→ **Raw data**:
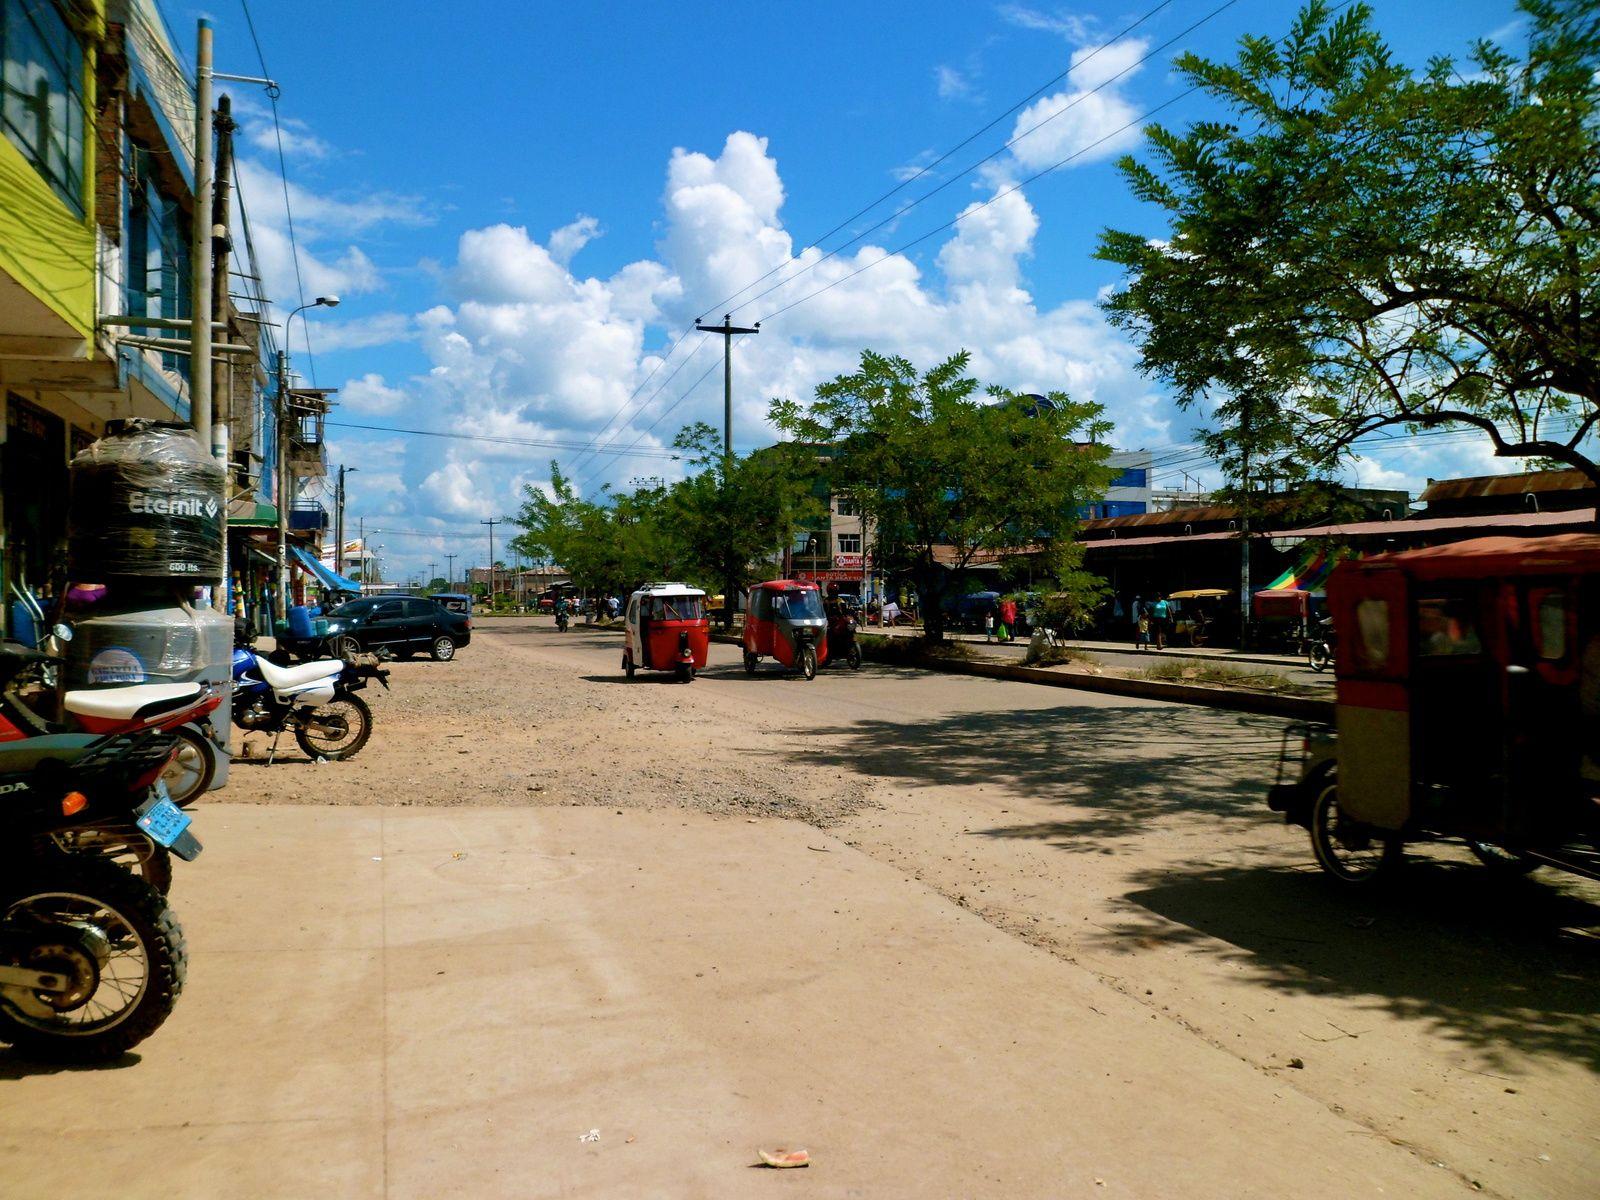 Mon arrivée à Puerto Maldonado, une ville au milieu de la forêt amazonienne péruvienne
---
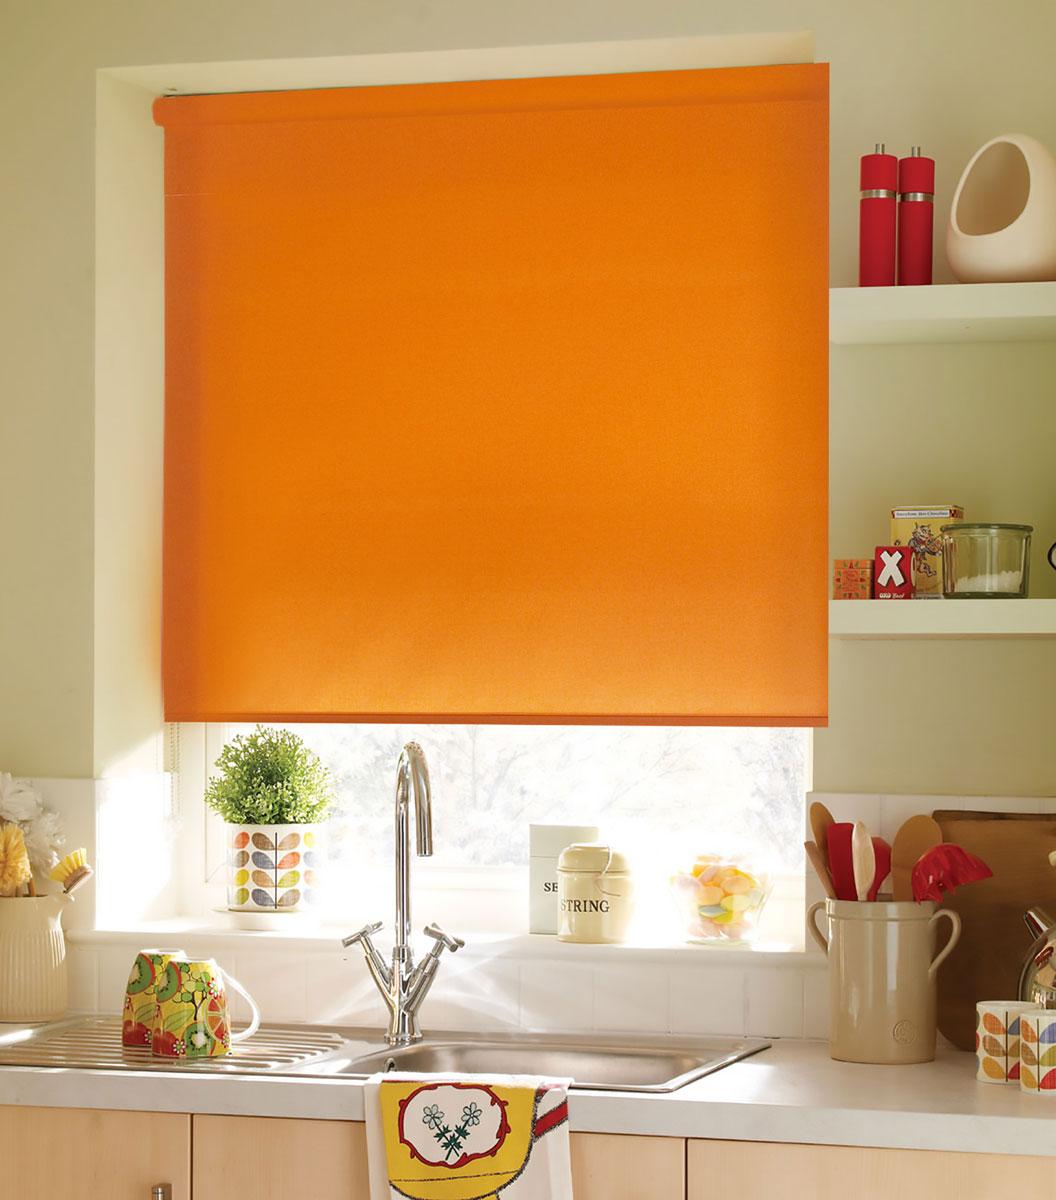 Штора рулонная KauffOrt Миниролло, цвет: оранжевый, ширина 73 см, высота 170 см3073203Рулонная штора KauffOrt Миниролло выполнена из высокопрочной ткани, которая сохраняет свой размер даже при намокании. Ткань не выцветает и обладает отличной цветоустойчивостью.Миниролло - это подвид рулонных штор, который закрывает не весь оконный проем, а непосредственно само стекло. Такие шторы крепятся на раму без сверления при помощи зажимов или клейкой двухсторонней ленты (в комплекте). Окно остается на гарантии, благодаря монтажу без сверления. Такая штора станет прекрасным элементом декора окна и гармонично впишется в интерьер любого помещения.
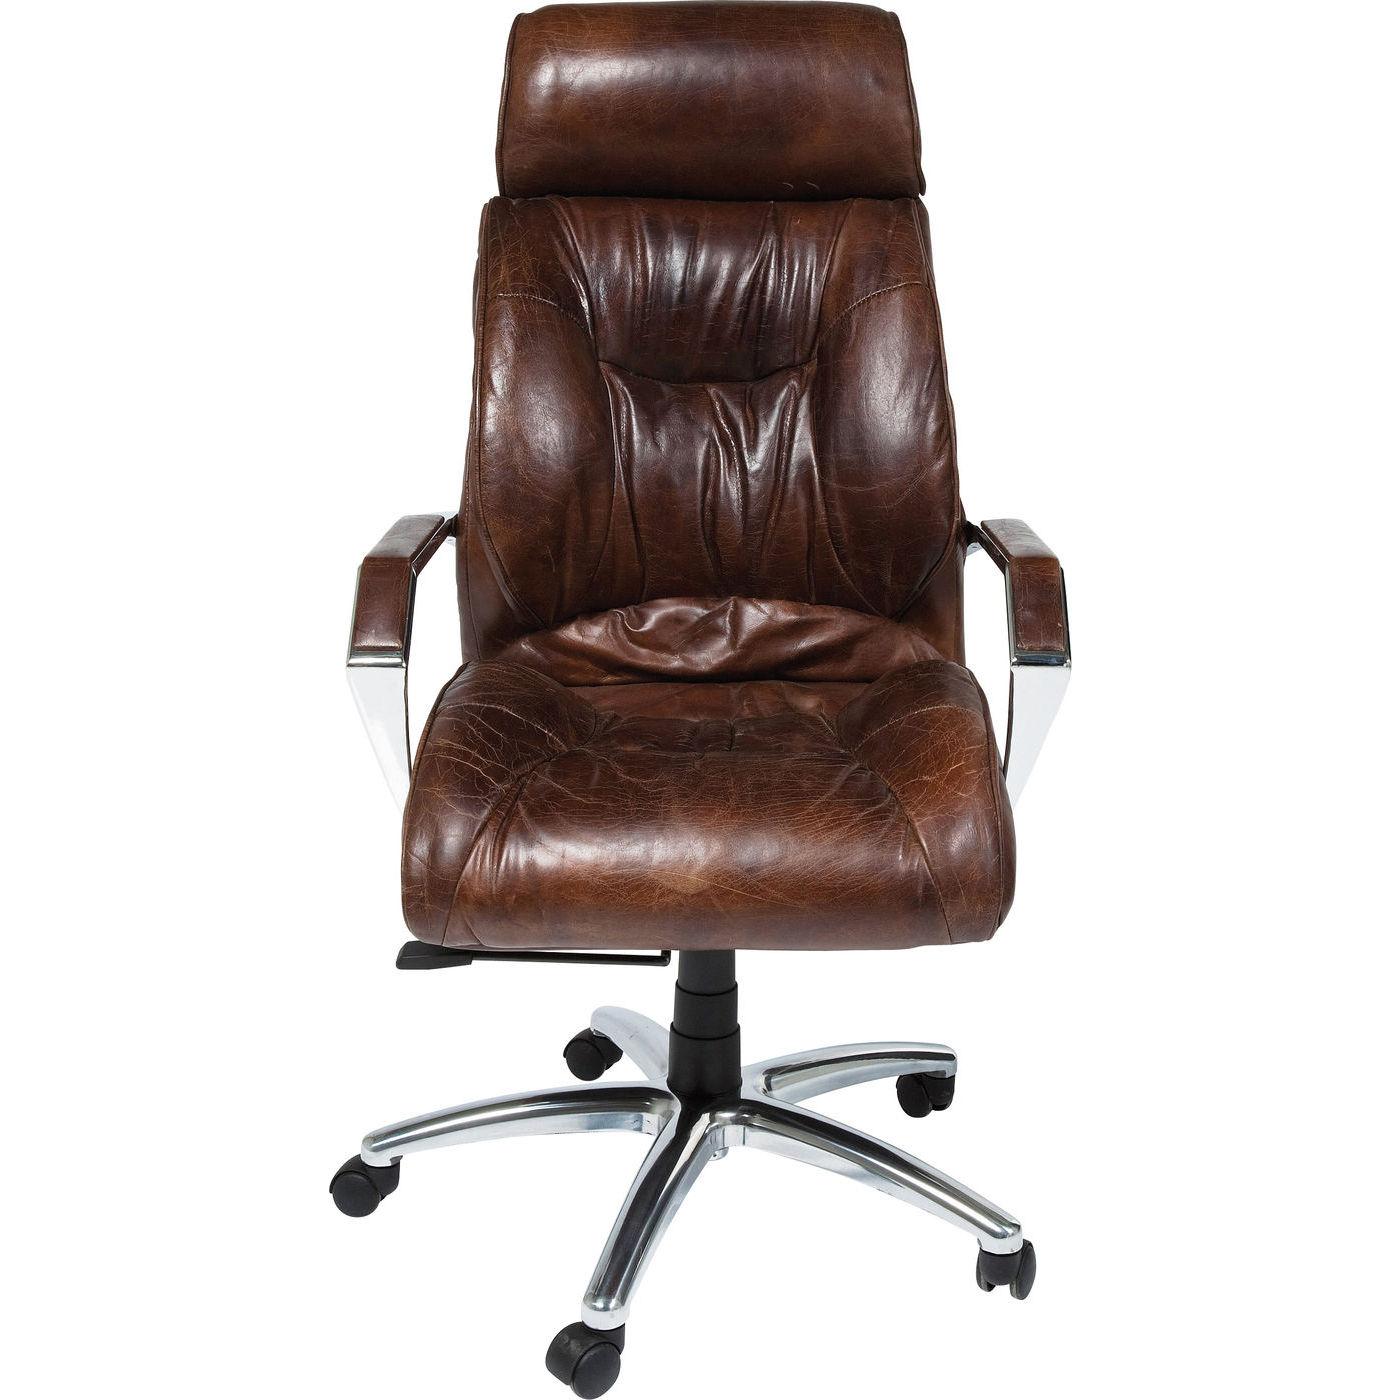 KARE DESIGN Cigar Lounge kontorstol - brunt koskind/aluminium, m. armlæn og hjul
---
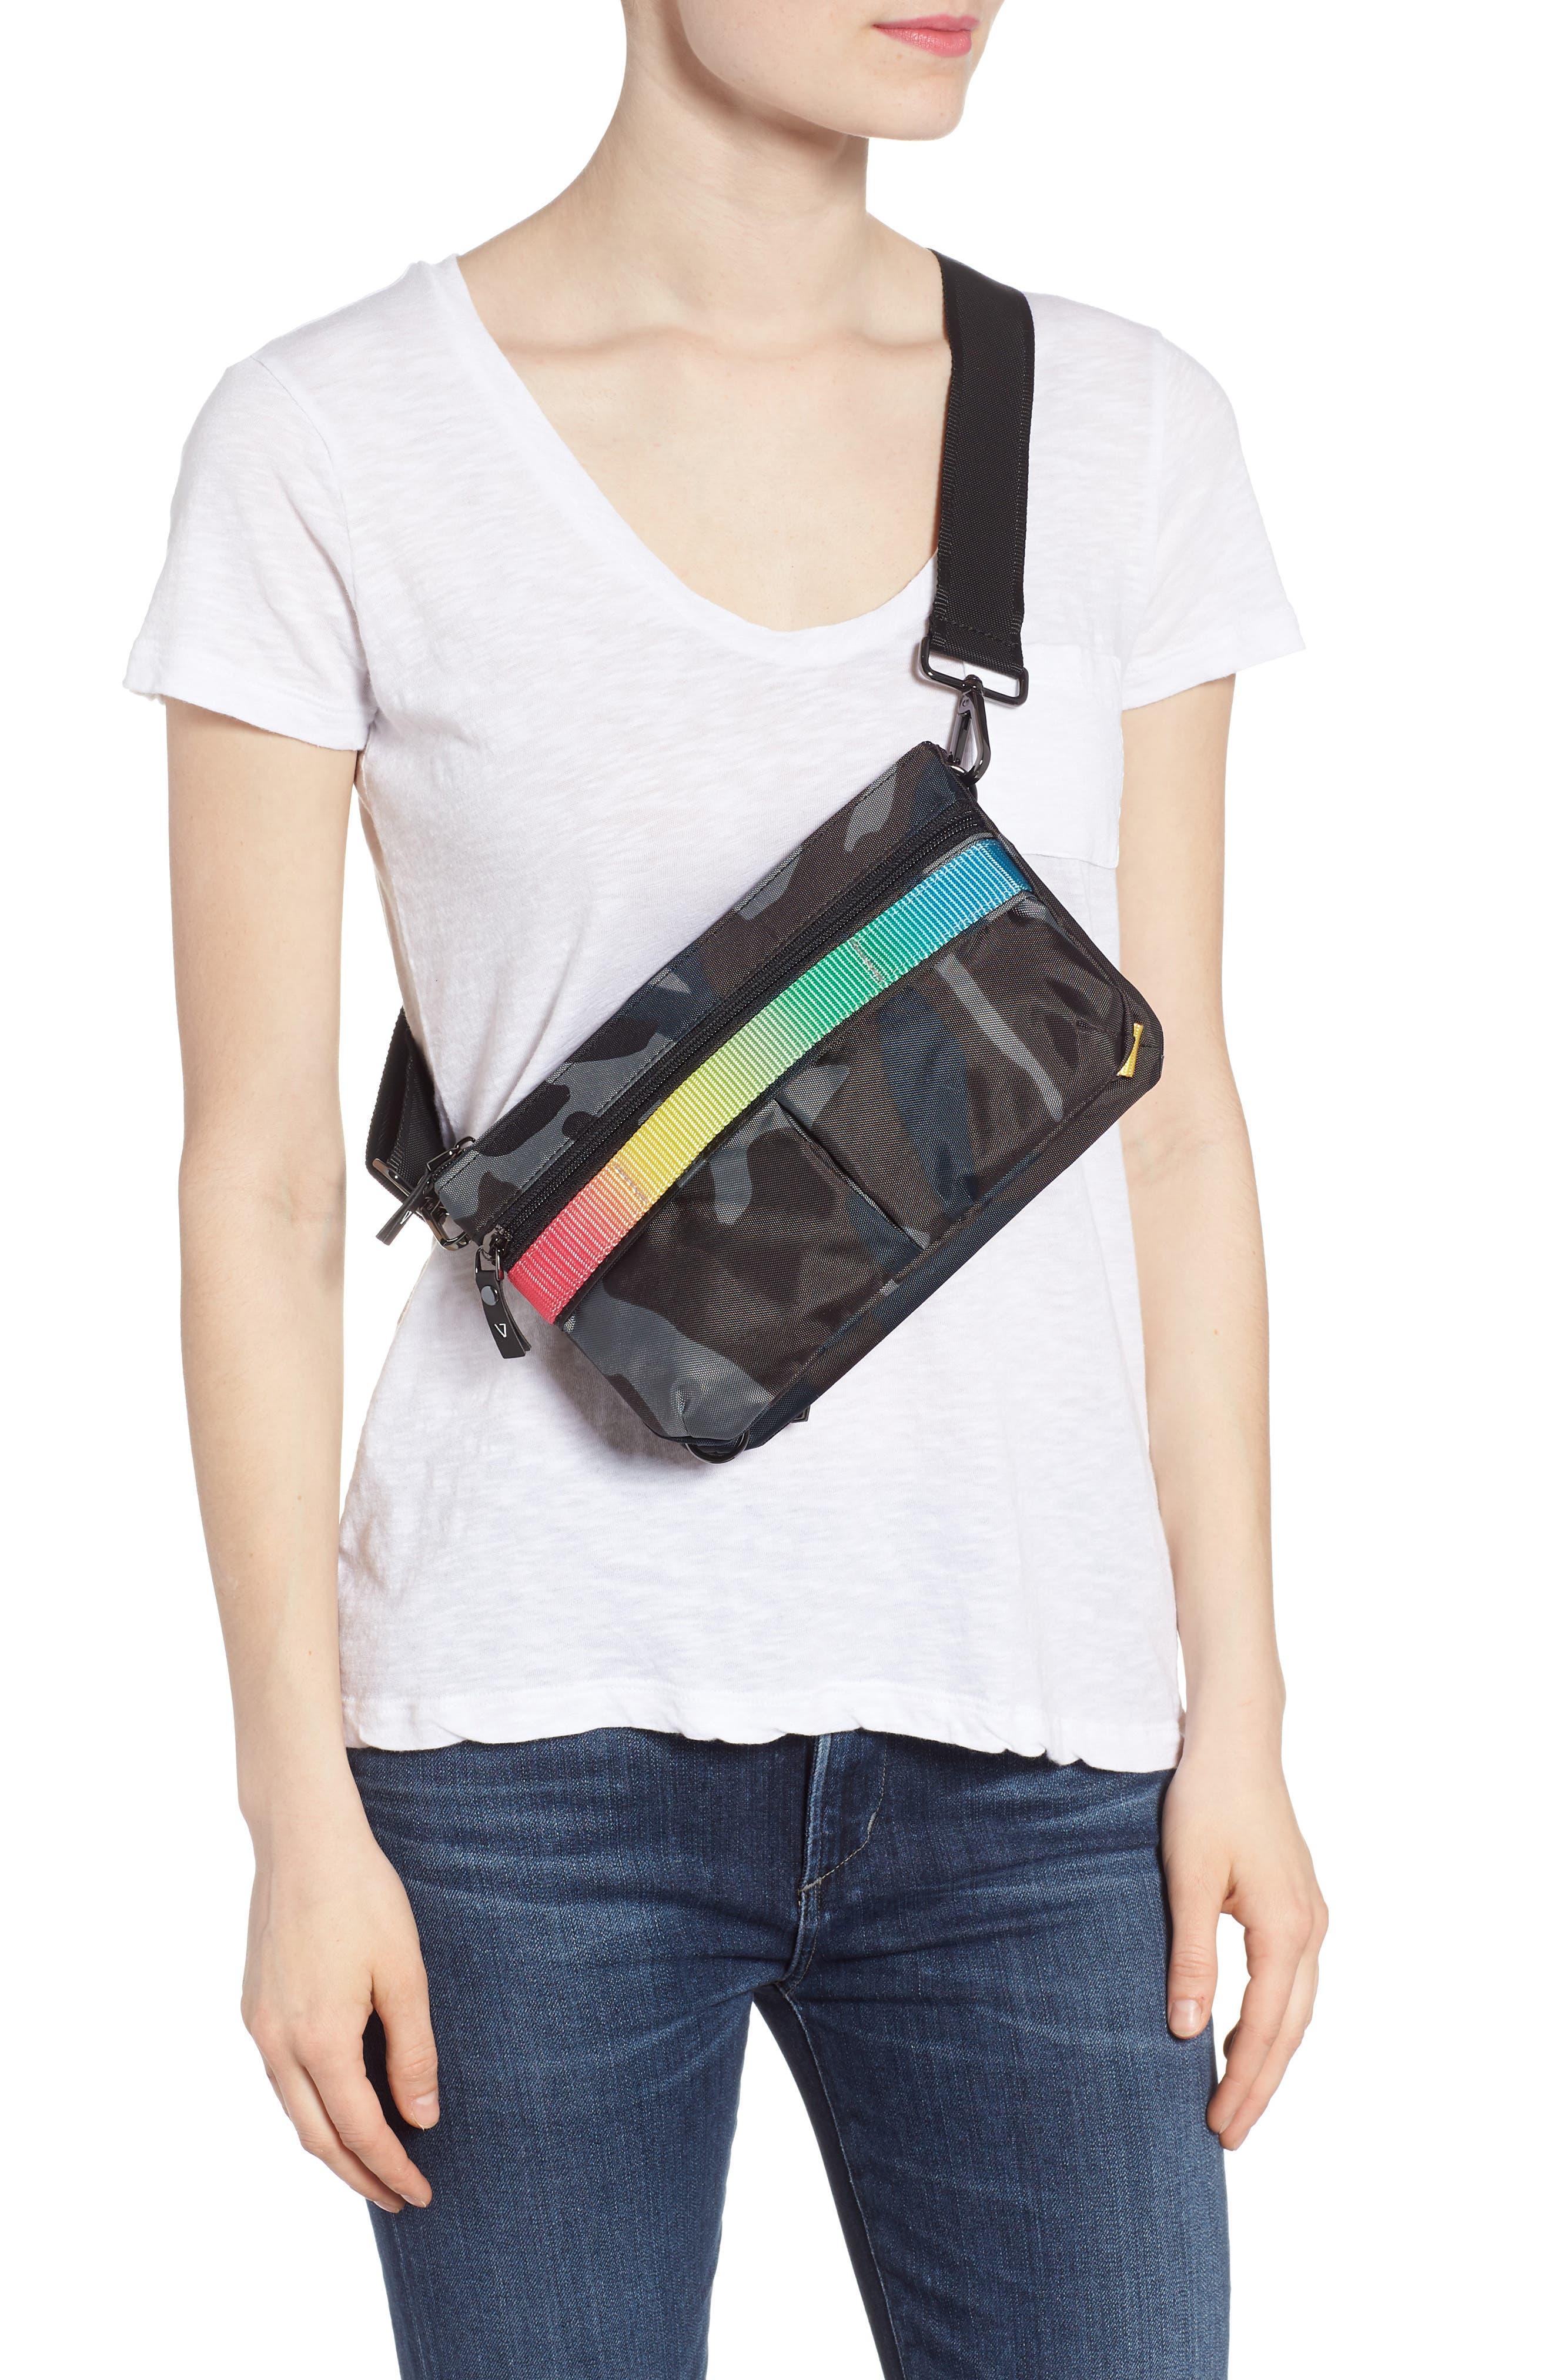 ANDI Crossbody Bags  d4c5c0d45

→ **Exercise description**:
Retype only the lines above from the one with "Штора рулонная KauffOrt" through the one with "KARE DESIGN Cigar", exactly and with both ends. Images stay out.

→ **Your solution**:
 Штора рулонная KauffOrt Миниролло, цвет: оранжевый, ширина 73 см, высота 170 см3073203Рулонная штора KauffOrt Миниролло выполнена из высокопрочной ткани, которая сохраняет свой размер даже при намокании. Ткань не выцветает и обладает отличной цветоустойчивостью.Миниролло - это подвид рулонных штор, который закрывает не весь оконный проем, а непосредственно само стекло. Такие шторы крепятся на раму без сверления при помощи зажимов или клейкой двухсторонней ленты (в комплекте). Окно остается на гарантии, благодаря монтажу без сверления. Такая штора станет прекрасным элементом декора окна и гармонично впишется в интерьер любого помещения.
 KARE DESIGN Cigar Lounge kontorstol - brunt koskind/aluminium, m. armlæn og hjul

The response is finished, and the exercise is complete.